If y=2x^2-21x^2+60x+6
what is the value of x?
dx^2/dy^2=0
I got 7/2 it is dy^2/dx^2 not dx^2/dy^2
here is the oda that got me confused
find the value of the constant integration if
(x^1/2+x^1/3)dx=0
at x=1
assuming you meant
y = 2x^3-21x^2+60x+6
y' = 6x^2-42x+60
y" = 12x-42
y"=0 when x = 7/2
For the other one,
(x^1/2+x^1/3)dx = 0
∫(x^1/2+x^1/3)dx = C
2/3 x^(3/2) + 3/4 x^(4/3) = C
at x=1, C = 2/3 + 3/4 = 17/12
To find the value of x, we need to solve the equation y = 2x^2 - 21x^2 + 60x + 6.
Simplifying the equation, we have -19x^2 + 60x + 6 = 0.
To solve this quadratic equation, we can use the quadratic formula. The quadratic formula states that for an equation of the form ax^2 + bx + c = 0, the solutions for x are given by:
x = (-b ± √(b^2 - 4ac)) / (2a)
In this case, a = -19, b = 60, and c = 6.
Plugging these values into the quadratic formula, we have:
x = ( -60 ± √(60^2 - 4(-19)(6)) ) / (2(-19))
Simplifying further:
x = ( -60 ± √(3600 + 456) ) / (-38)
x = ( -60 ± √(4056) ) / (-38)
Now, to calculate the value of x, we need to take both the positive and negative square roots of 4056.
Using a calculator or math software, we find that √(4056) = 63.7134 (approx.).
So, the solutions for x are:
x = ( -60 + 63.7134 ) / (-38)
x ≈ -0.091 (approx.)
and
x = ( -60 - 63.7134 ) / (-38)
x ≈ 3.956 (approx.)
Therefore, the value of x is approximately -0.091 or 3.956.
Now, let's move on to the second part of the question: finding dx^2/dy^2 when it is equal to 0.
The expression dx^2/dy^2 represents the second derivative of x with respect to y. It measures the rate of change of the derivative of x with respect to y.
To find the second derivative, we differentiate the equation y = 2x^2 - 21x^2 + 60x + 6 with respect to x first.
Since the equation is with respect to y, we need to implicitly differentiate it with respect to x. This involves applying the chain rule.
Differentiating both sides of the equation, we get:
dy/dx = d/dx (2x^2 - 21x^2 + 60x + 6)
dy/dx = 4x - 42x + 60
dy/dx = -17x + 60
Now, we differentiate dy/dx with respect to x to find the second derivative.

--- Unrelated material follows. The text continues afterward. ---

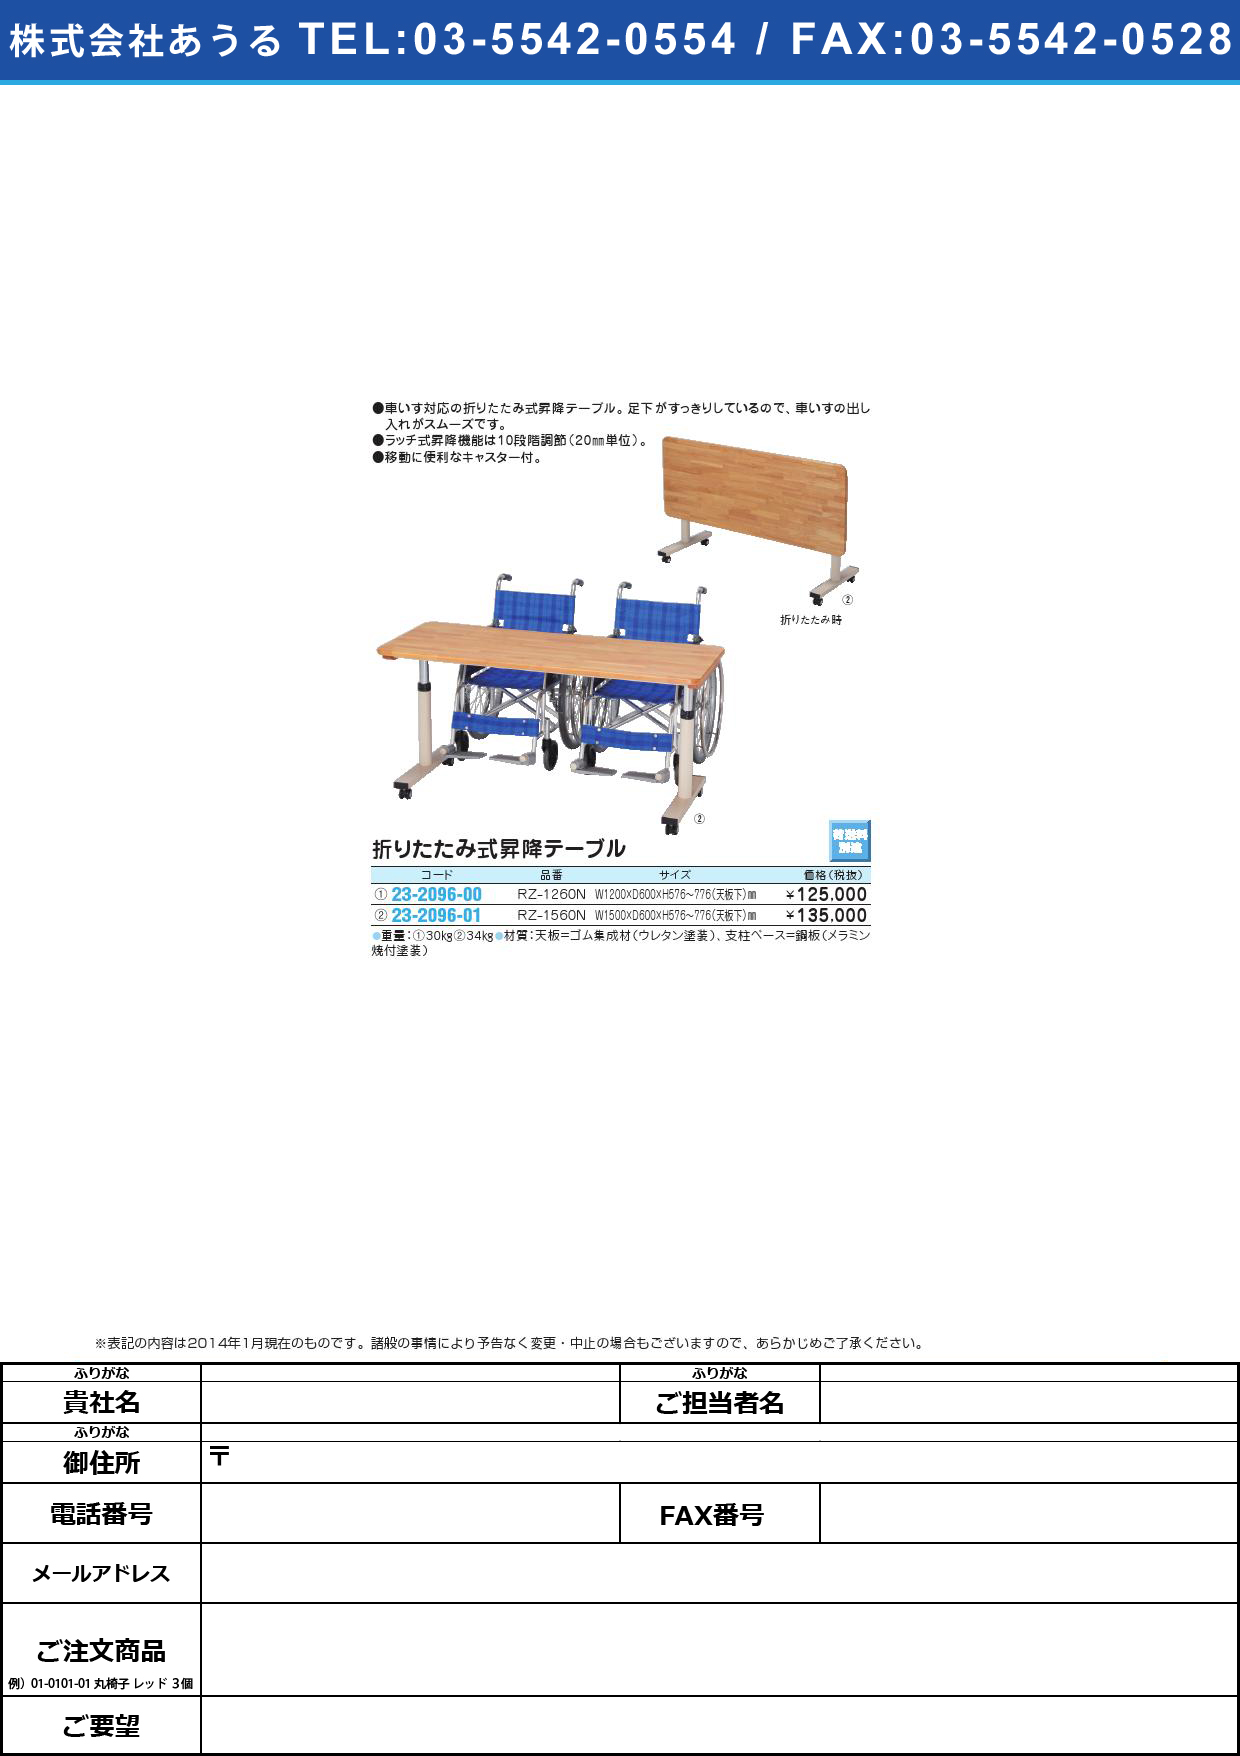 (23-2096-01)折りたたみ式昇降テーブル ｵﾘﾀﾀﾐｼｷｼｮｳｺｳﾃｰﾌﾞﾙ(23-2096-01)RZ-1560N(W1500XD600)【1台単位】【2014年カタログ商品】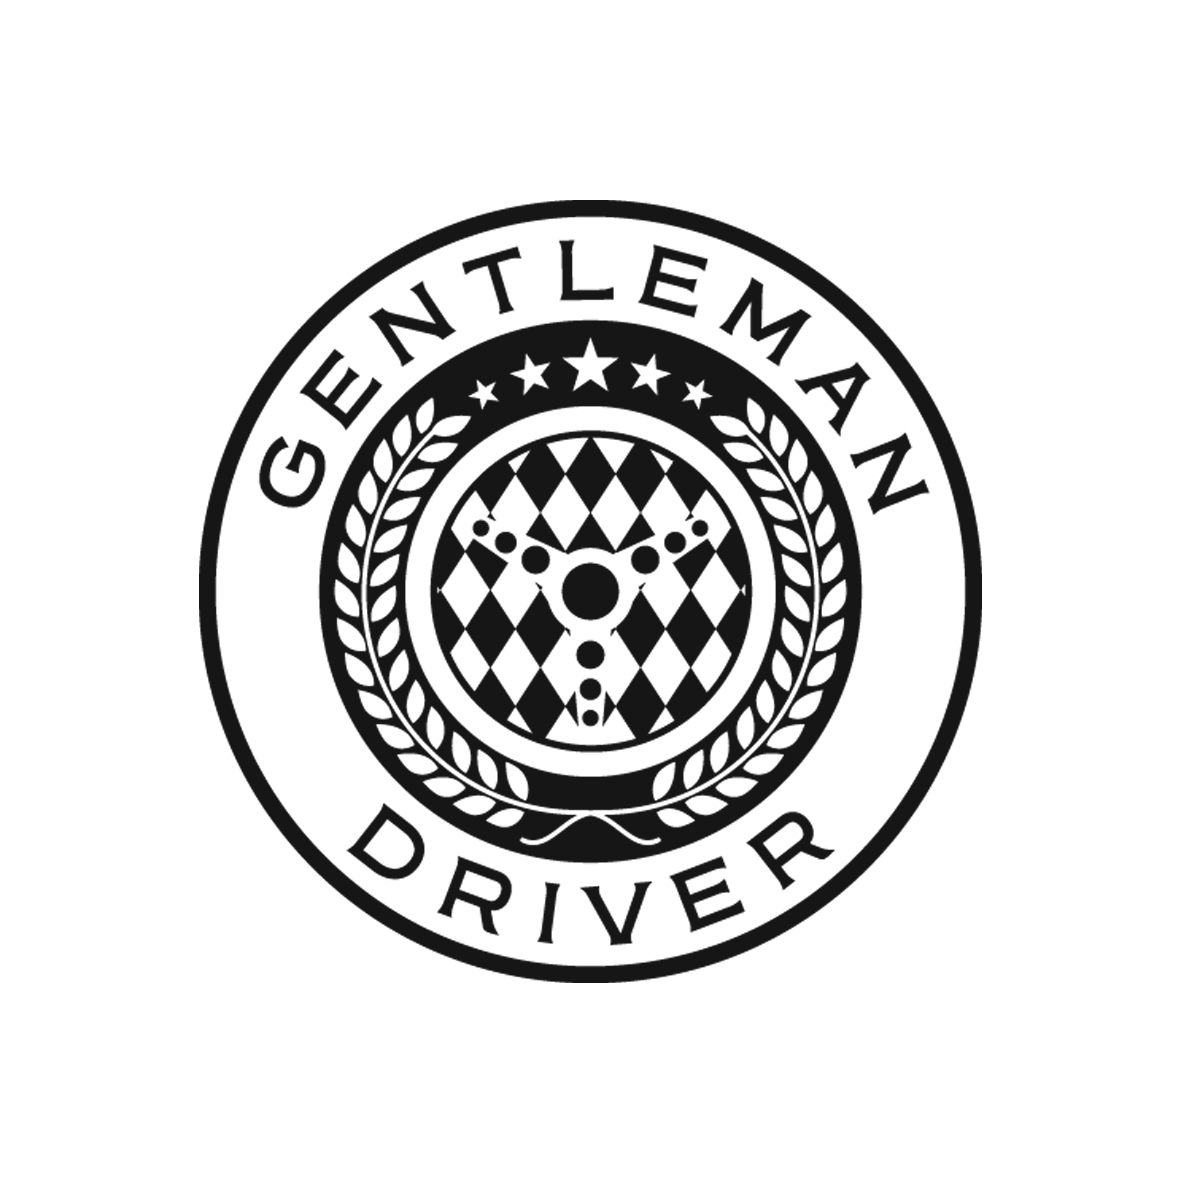 Gentleman Driver

d^2y/dx^2 = d/dx (-17x + 60)
d^2y/dx^2 = -17
So, d^2y/dx^2 is a constant value of -17.
Based on the second part of the question, we are asked to find dx^2/dy^2 when it equals 0. Since the second derivative is a constant value of -17, it can never equal 0.
In conclusion, dx^2/dy^2 does not equal 0 in this case.